Dalam hal ini yang berhak menjadi ahli waris ialah para keluarga sedarah, baik sah
maupun diluar kawin dan suami atau isteri yang hidup terlama, sebagaimana
dinyatakan dalam Pasal 832KUHPerdata
Terbagi 4 Gologan didalam KUH Perdata, yaitu :
a. Golongan I terdiri dari suami isteri yang ditinggalkan, anak-anak sah, serta
keturunannya.
b.
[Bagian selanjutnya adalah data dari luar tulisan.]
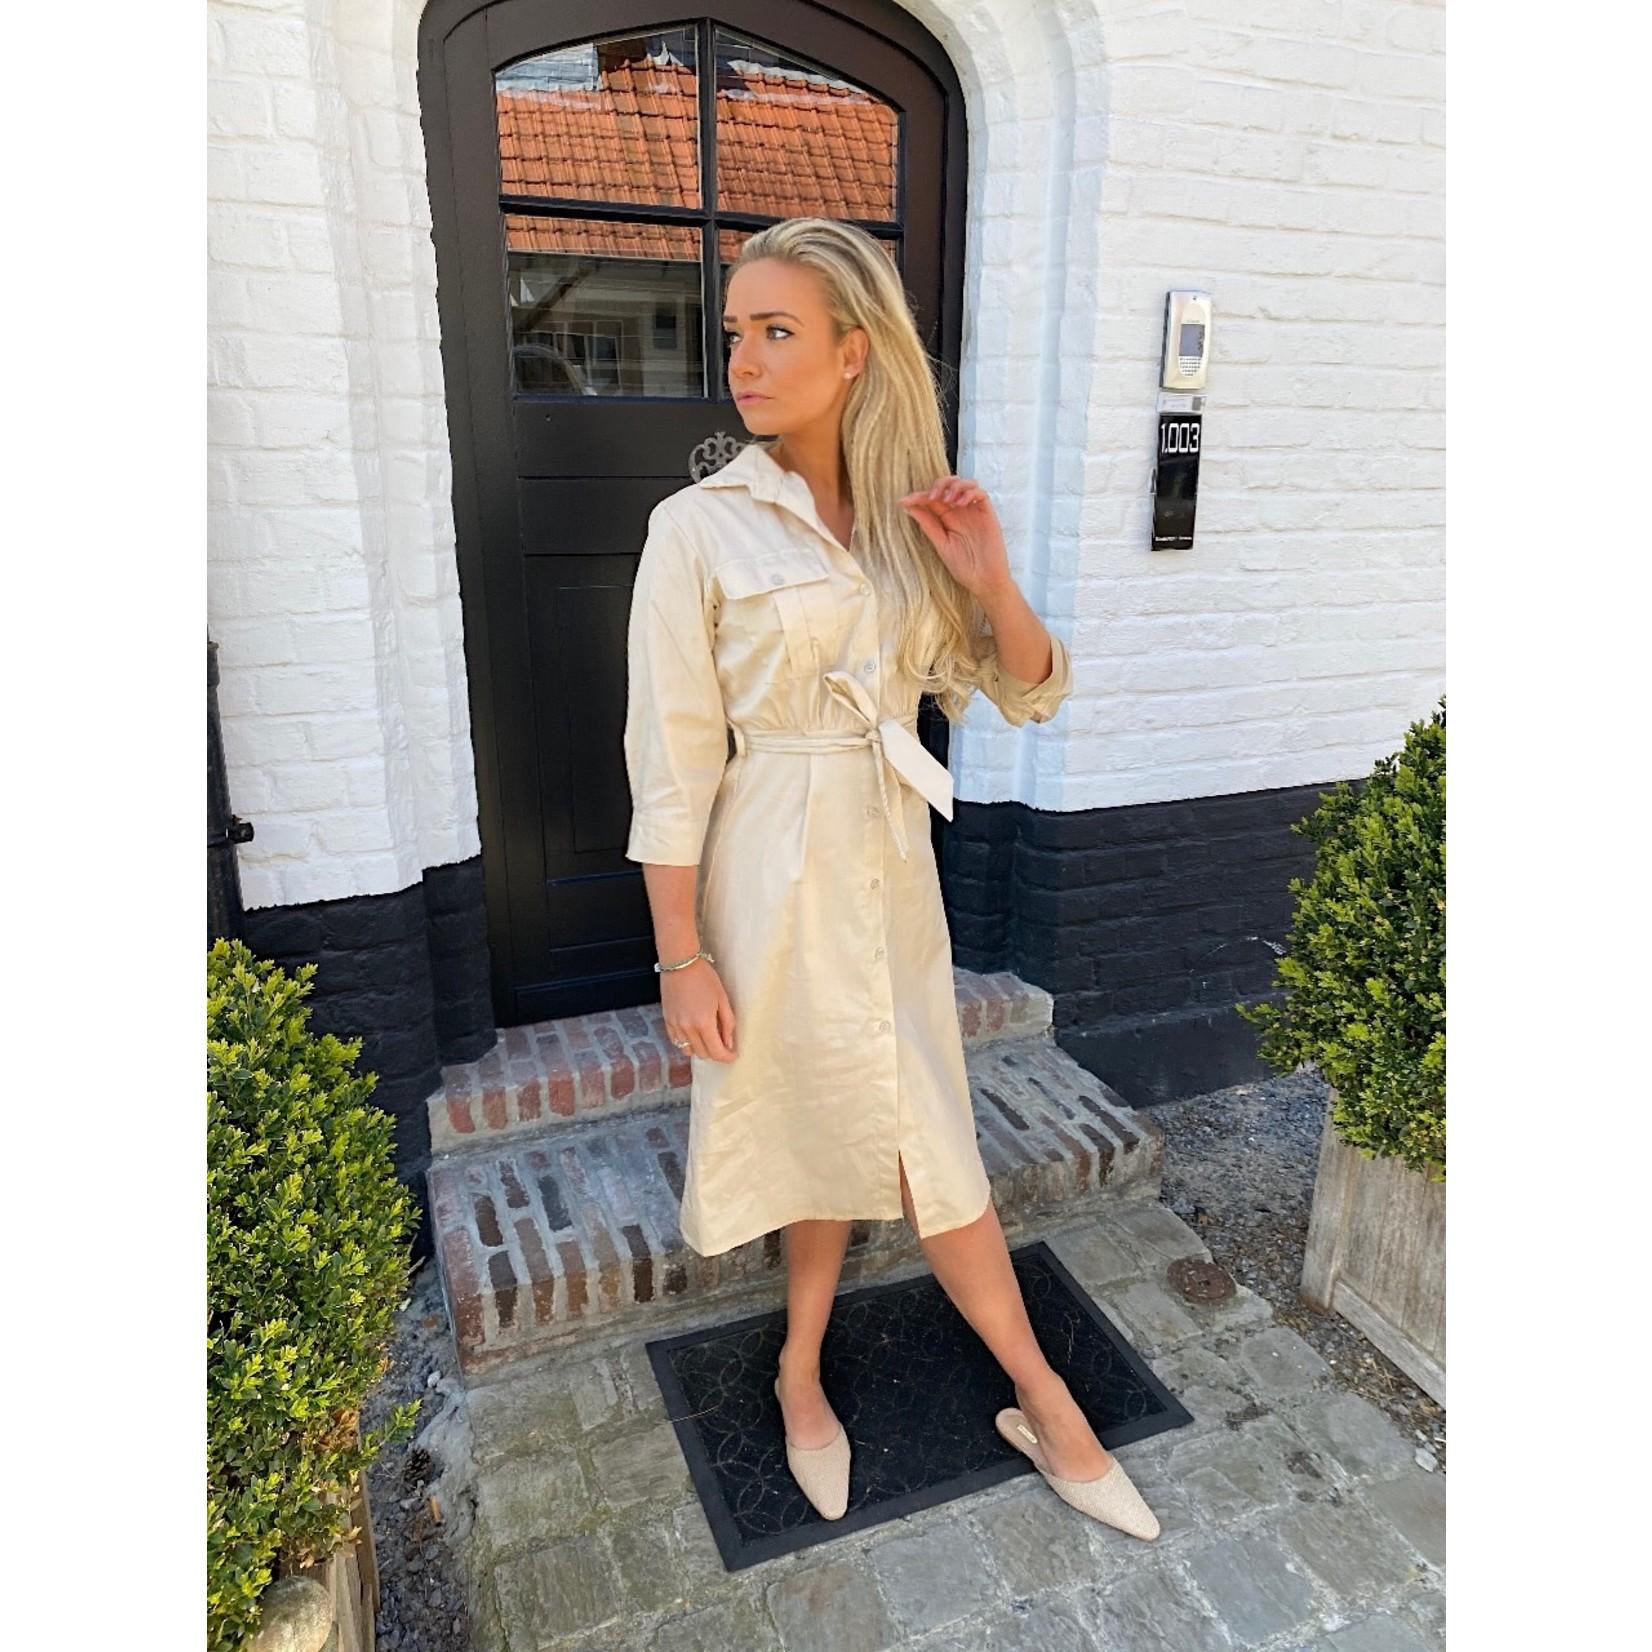 Dress - Victoria

Golongan II terdiri dari ayah, ibu dan saudara kandung pewaris.
c. Golongan III terdiri dari Kakek, Nenek dan Keluarga dalam garis lurus ke atas.
d. Golongan IV terdiri dar saudara dalam garis ke samping, misalnya paman, bibi,
saudara sepupu hingga derajat keenam, dan saudara dari kakek dan nenek beserta
keturunannya sampai derajat keenam.

3. Sudut Pandang Putusan Kasasi Mahkamah Agung

Pemberian harta peninggalan pewaris kepada ahli waris beda agama diatur dalam
beberapa putusan Mahkamah Agung.
Putusan MA Nomor 51/K/AG/1999, bahwa ahli waris beda agama tidak dapat
menjadi ahli waris, tetapi dapat memperoleh bagian dari harta peninggalan pewaris
melalui Wasiat Wajibah, yaitu :
a. Putusan MA Nomor 16K/AG/2010 tentang kewarisan beda agama yang inti
putusannya menjelaskan bahwa ahli waris yang tidak beragama Islam
mendapat bagian dari harta peninggalan pewaris yang beragama Islam
melalui Wasiat Wajibah dan mendapat bagian yang sama dengan ahli waris
lain yang sederajat.
b. Putusan MA No 368 K/ AG/ 1995, tanggal 16 Juli 1998 yang telah
menetapkan bahwa seorang anak perempuan yang beragama Nasrani berhak
pula mendapat harta warisan pewaris, tidak melalui warisan melainkan
melalui wasiat wajibah dan besar perolehannya adalah sama dengan
perolehan seorang anak perempuan, bukan 1/3 dari harta warisan melainkan
¾ dari perolehan anak perempuan.
Berdasarkan putusan-putusan Mahkamah Agung tersebut terdapat beberapa
kesimpulan, yakni:
a. Ahli waris beda agama tidak mendapat hak waris atas harta peninggalan
pewaris.
b. Dikarenakan ahli waris beda agama tidak mendapat hak waris atas harta
peninggalan pewaris, maka dicarikan sebuah solusi agar tetap mendapat
bagian yaitu melalui konsep Wasiat Wajibah.
c. Jumlah bagian perolehan harta peninggalan pewaris untuk ahli waris beda
agama adalah sesuai dengan ketentuan sebagaimana yang diatur dalam
hukum waris Islam.

Terdapat beberapa faktor penyebab atau alasan ditetapkannya Wasiat Wajibah


dalam pembagian harta peninggalan pewaris terhadap ahli waris beda agama,
diantaranya:

a. Adanya larangan memberikan harta peninggalan pewaris kepada orang yang


tidak beragama Islam sebagaimana tertulis dalam hadits :
“La yaritsu al-Muslim al-kafir, wa la yaritsu al-kafir al-muslim”
“Tidak mewarisi seorang muslim kepada seorang kafir, demikian pula
seorang kafir tidak mewarisi kepada seorang muslim” (HR. Bukhari).
b. Dalam Kompilasi Hukum Islam Pasal 171 Huruf C bahwa :
“Ahli waris adalah orang yang pada saat meninggal dunia mempunyai
hubungan darah atau hubungan perkawinan dengan pewaris, beragama
Islam dan tidak terhalang karena hukum untuk menjadi ahli waris”
c. Untuk menghindari terjadinya krisis hukum yang dilematis atas perkara yang
berlaku di masyarakat. Hal ini disebabkan karena pada kenyataannya bahwa
masyarakat Indonesia yang bersifat pluralistik dan menyebabkan tidak sedikit
menutup kemungkinan terjadinya kepemilikan beda agama dalam satu
keluarga. Oleh karena itu Mahkamah agung berpendapat dan menyimpulkan
bahwa tidak dibenarkan jika sampai terjadinya kekosongan hukum terkait
masalah kewarisan untuk ahli waris beda agama sebagai bagian yang timbul
dari akibat adanya suatu hubungan kekeluargaan.